Once the configuration file has been set-up, we will need a list of fits to be performed. An individual fit is identified by the experiment type, the session, the neuron ID, and the model configuation.

When testing different models (including different subset of task variables, changing knots location and density, etc.) one needs to only modify the configuration files, and update the list of fits appropriately. 

We will again organize the list of fits as a YAML file with the following categories:
 
- **experiment_ID**: string, experiment ID

- **session_ID**: string, session ID

- **neuron_num**: int, the neuron number (from 0 to N-1, whee N is the number of units in the session)

- **path_to_input**: string, the path to the input data

- **path_to_config**: string, the path to the configuration file

- **path_to_output**: string, the path to the output folder where results will be saved


In [None]:
# create and save the YAML with the fit list (1 fit only)
fit_dict = {
    'experiment_ID': ['exp_2D_spatial'],
    'session_ID': ['session_A'],
    'neuron_num': [0],
    'path_to_input': ['example_data_2D.npz'],
    'path_to_config': ['config_example_data.yml'],
    'path_to_output': ['.']
}
# save the yaml fit list
with open('fit_list_example_data.yml', 'w') as outfile:
    yaml.dump(fit_dict, outfile, default_flow_style=False)

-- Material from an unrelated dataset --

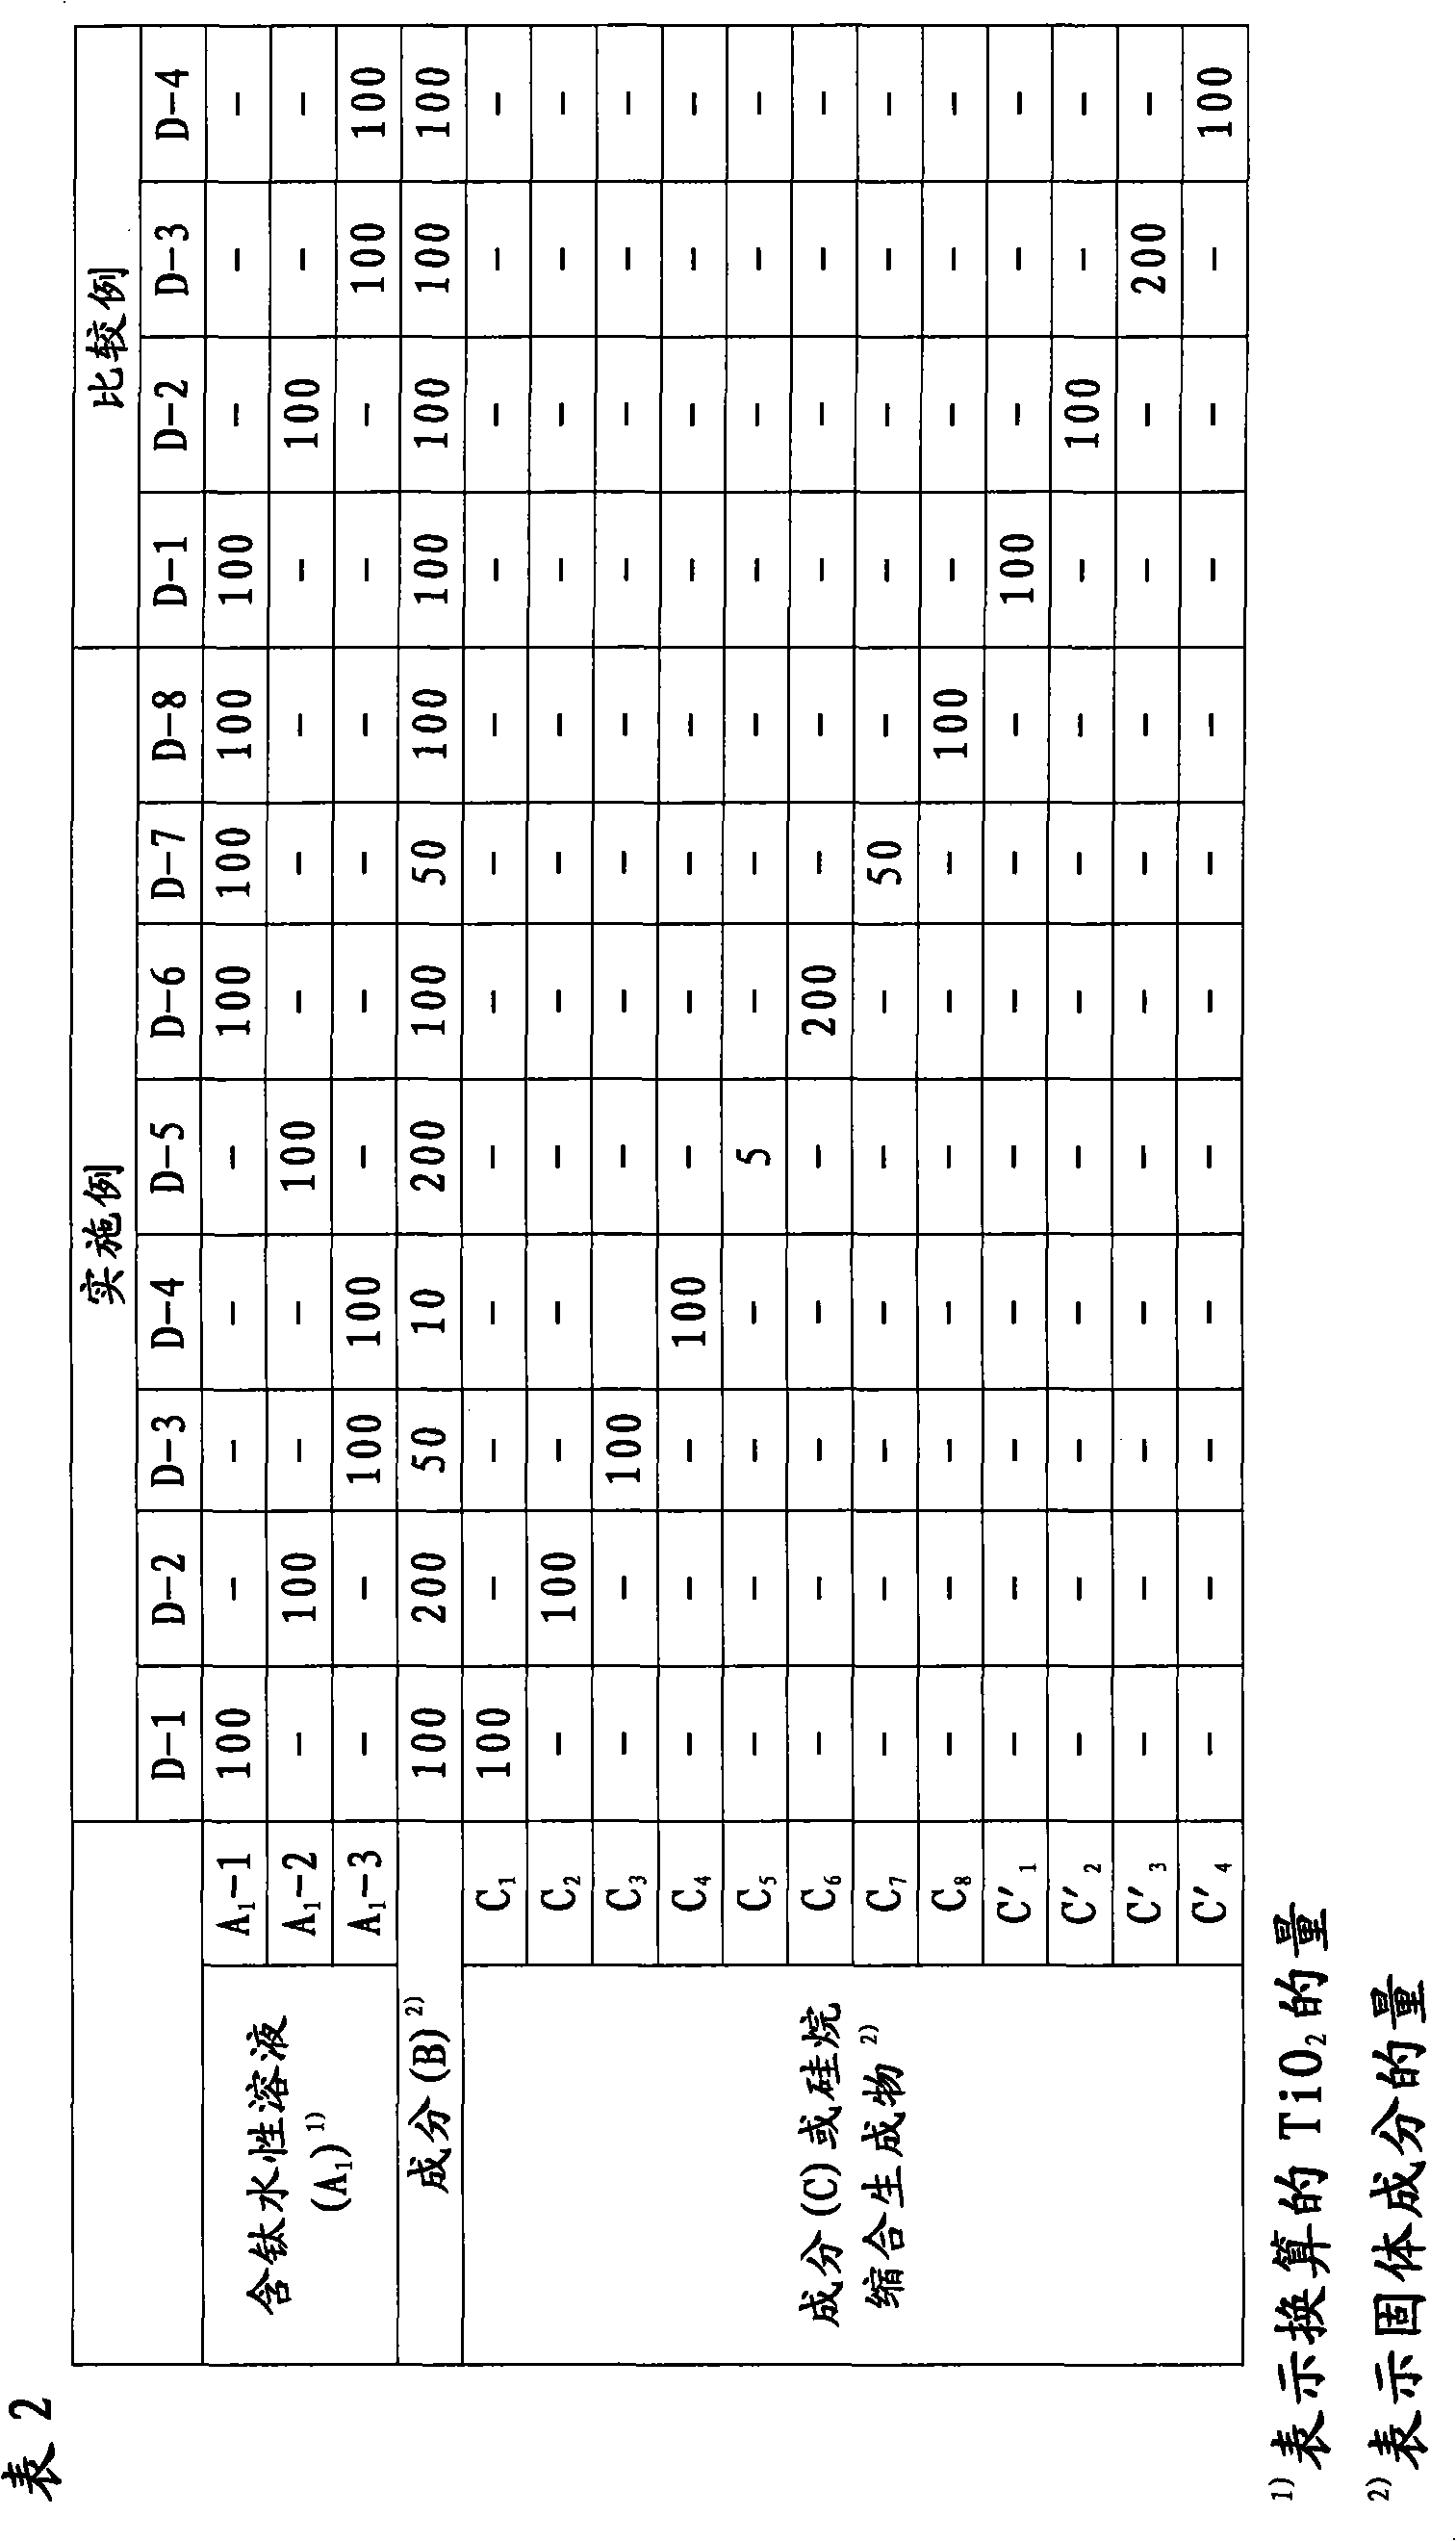 Composition for metallic surface treatment and metallic base material with surface treatment envelope

### Load inputs, fit, and postprocess <a name="load-fit-save"></a>

 
The code below loads the input data, the configurations, fits the model, post-process, and save the results. The following lines of code are also saved as separate script in 'PGAM/utils/fit_from_config.py'

In [None]:
# import libs
import numpy as np
import sys, os

sys.path.append('src/PGAM/')

import GAM_library as gl
import gam_data_handlers as gdh
from post_processing import postprocess_results
import yaml
import statsmodels.api as sm
from scipy.io import savemat
from time import perf_counter

np.random.seed(4)

#################################################
# User defined input
#################################################

# frac of the trials used for fit eval
frac_eval = 0.2

# PATH to fit list
path_fit_list = 'fit_list_example_data.yml'

# save as mat
save_as_mat = True
#################################################


# load the job id (either as an input form the command line, or as a default value if not passed)
argv = sys.argv
if len(argv) == 2:  # assumes the script is run the command "python fit_from_config.py fit_num"
    fit_num = int(sys.argv[1]) - 1  # HPC job-array indices starts from 1.
else:
    fit_num = 0  # set a default value

# load fit info
with open(path_fit_list, 'r') as stream:
    fit_dict = yaml.safe_load(stream)

# unpack the info and load the data
experiment_ID = fit_dict['experiment_ID'][fit_num]
session_ID = fit_dict['session_ID'][fit_num]
neuron_num = fit_dict['neuron_num'][fit_num]
path_to_input = fit_dict['path_to_input'][fit_num]
path_to_config = fit_dict['path_to_config'][fit_num]
path_out = fit_dict['path_to_output'][fit_num]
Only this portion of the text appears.